╭──
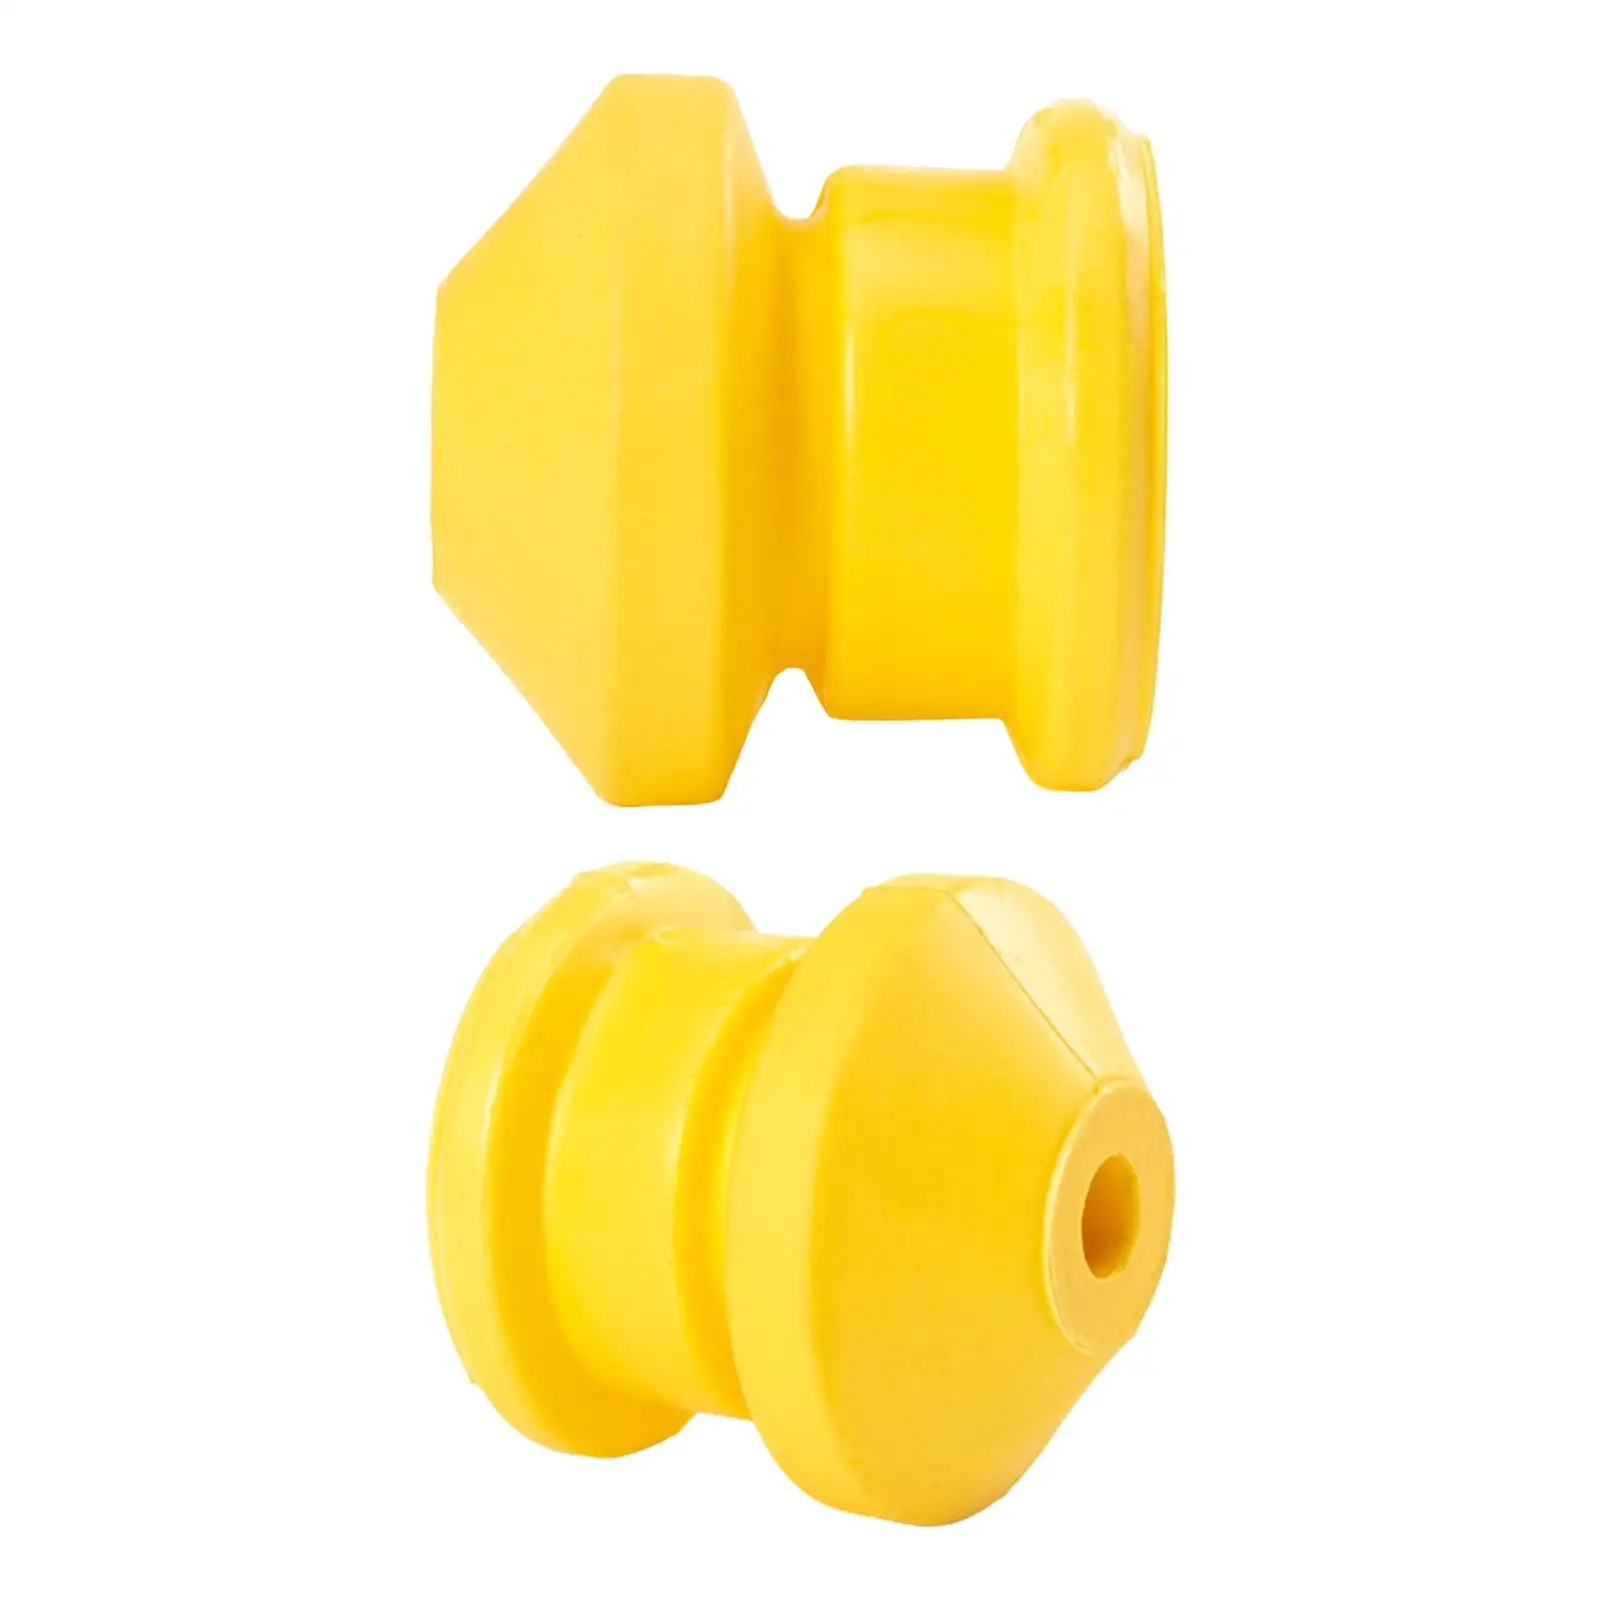 2 Pieces Bumper Stop Absorber 15783030 Durable Car Parts Direct Replaces Rubber Bump Suspension for Hummer H3T 2009-2010
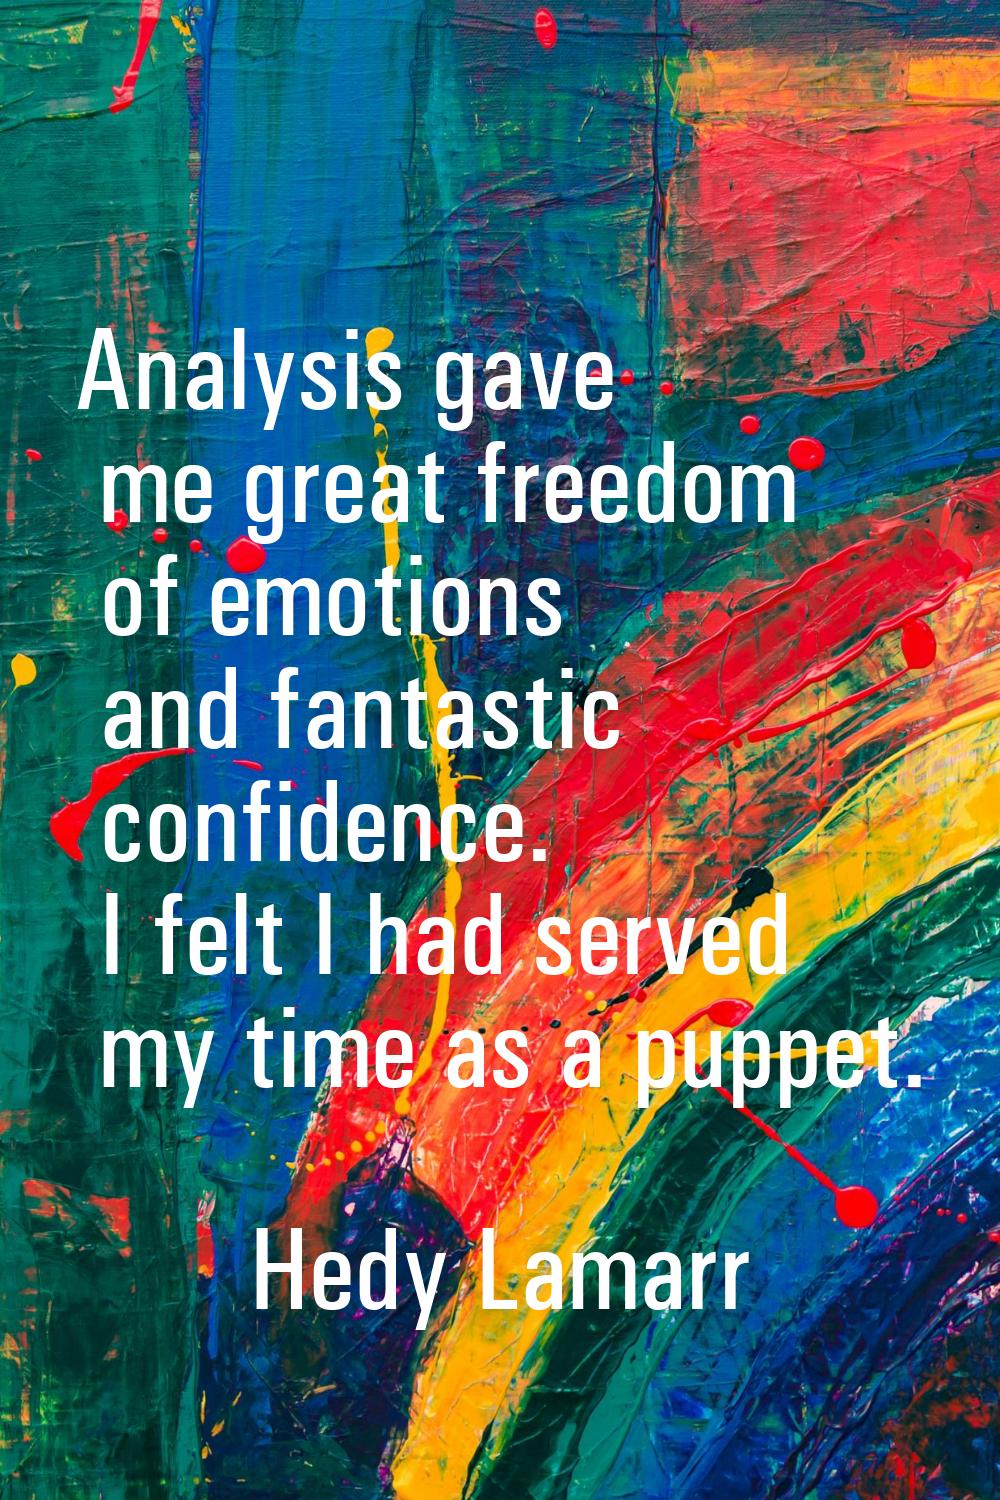 Analysis gave me great freedom of emotions and fantastic confidence. I felt I had served my time as
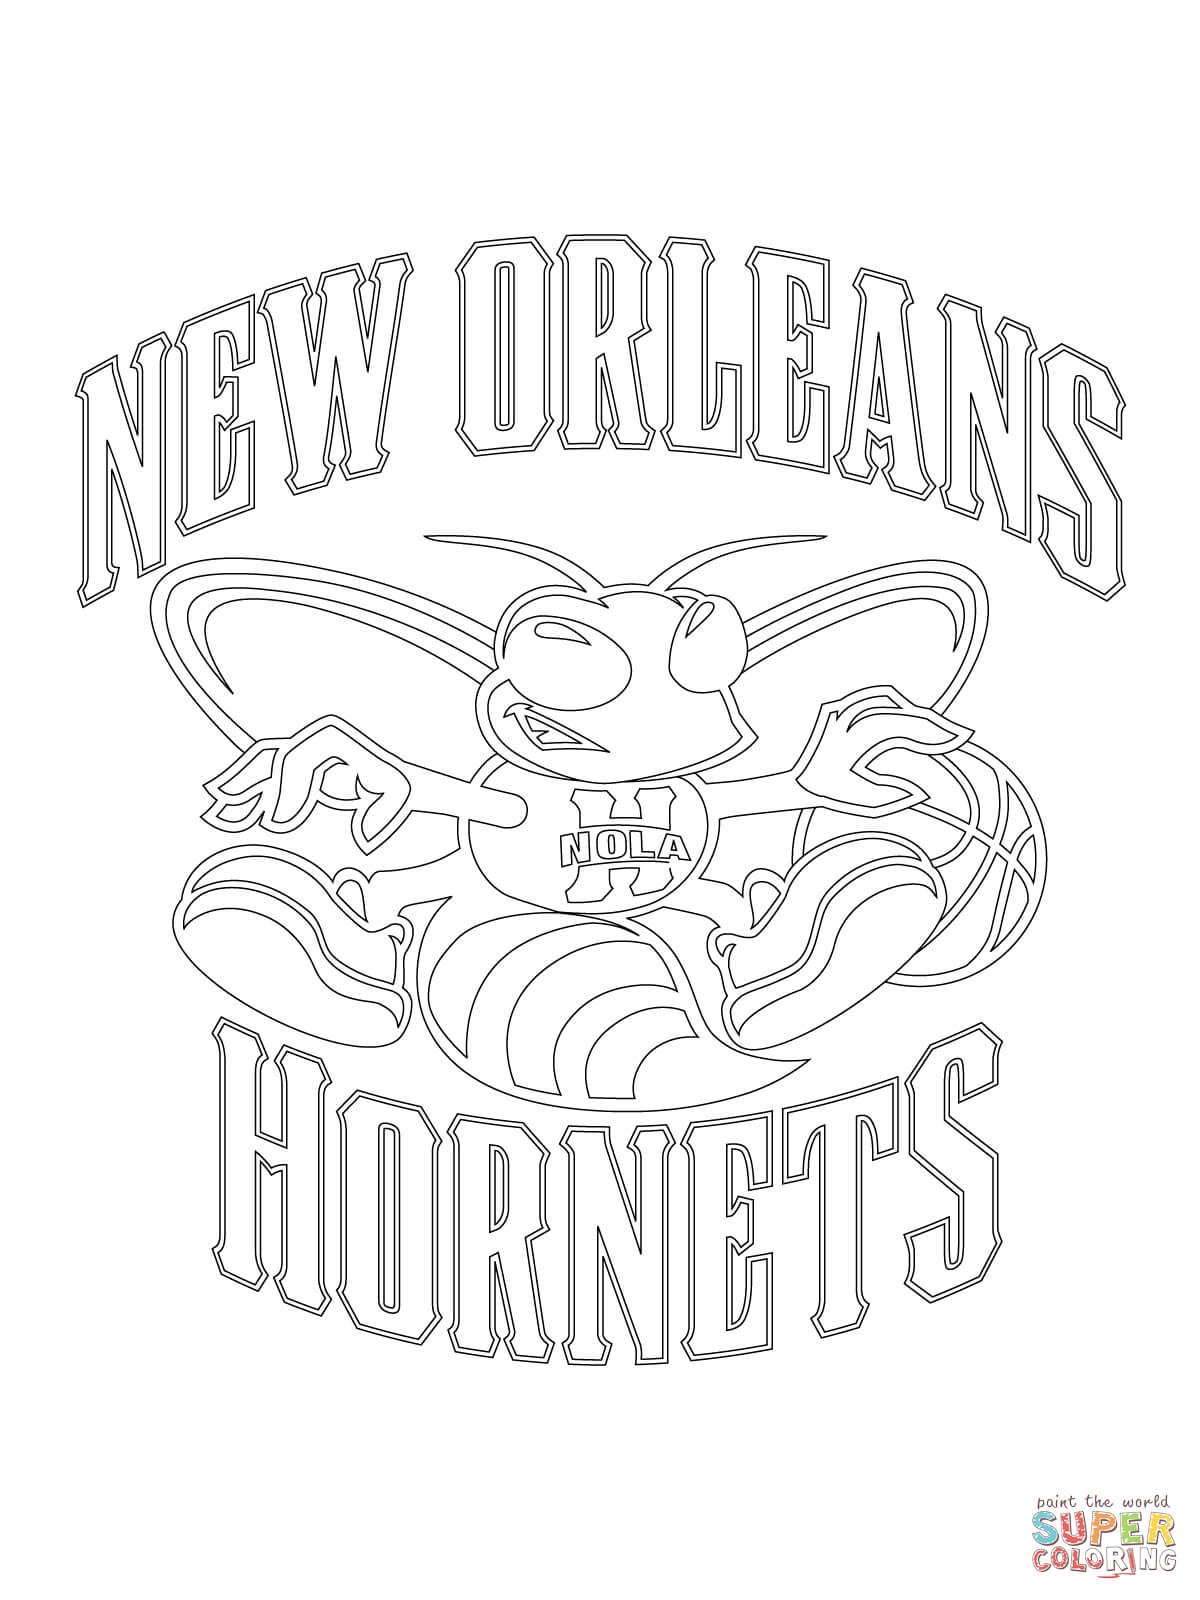 New orleans hornets logo coloring page free printable coloring pages
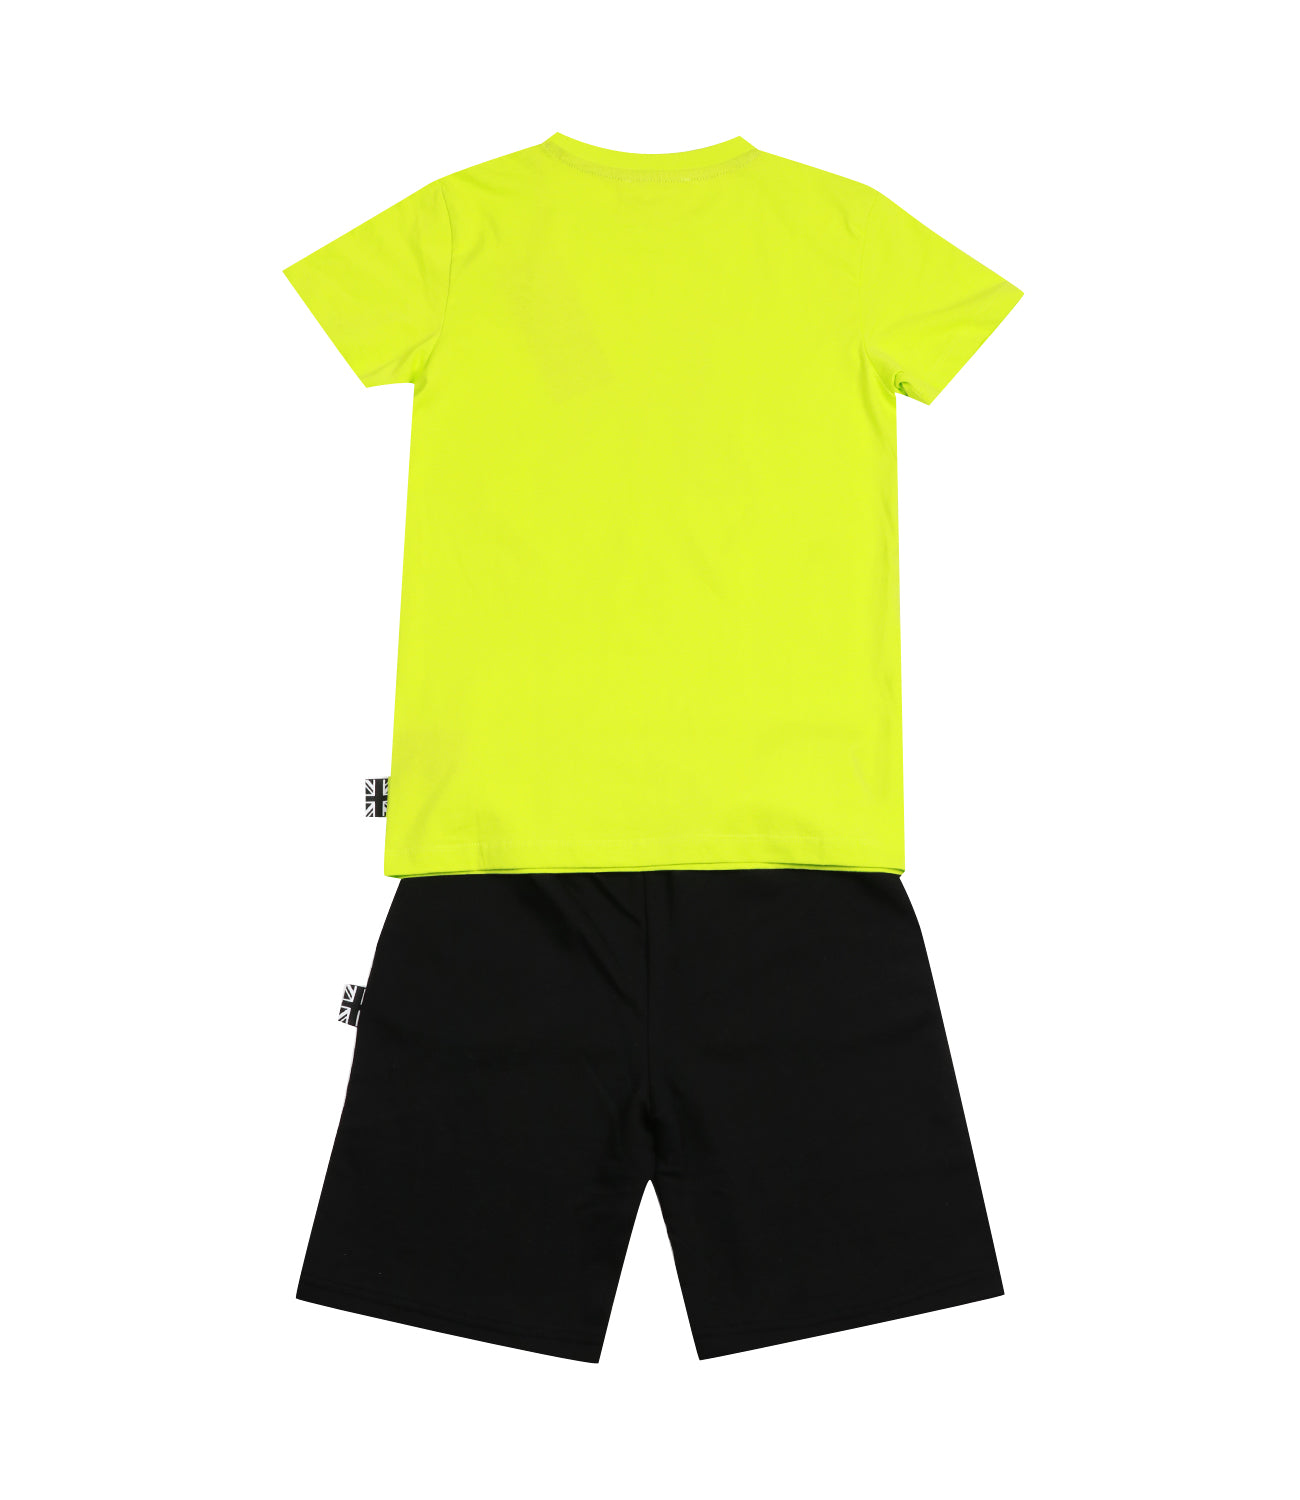 Richmond Kids | Set T-Shirt and Bermuda Shorts Dyed Lime and Black
╰──
Excluding all images, transcribe the material word for word.

 2 Pieces Bumper Stop Absorber 15783030 Durable Car Parts Direct Replaces Rubber Bump Suspension for Hummer H3T 2009-2010
 Analysis gave me great freedom of emotions and fantastic confidence. I felt I had served my time as
 New orleans hornets logo coloring page free printable coloring pages
 Richmond Kids | Set T-Shirt and Bermuda Shorts Dyed Lime and Black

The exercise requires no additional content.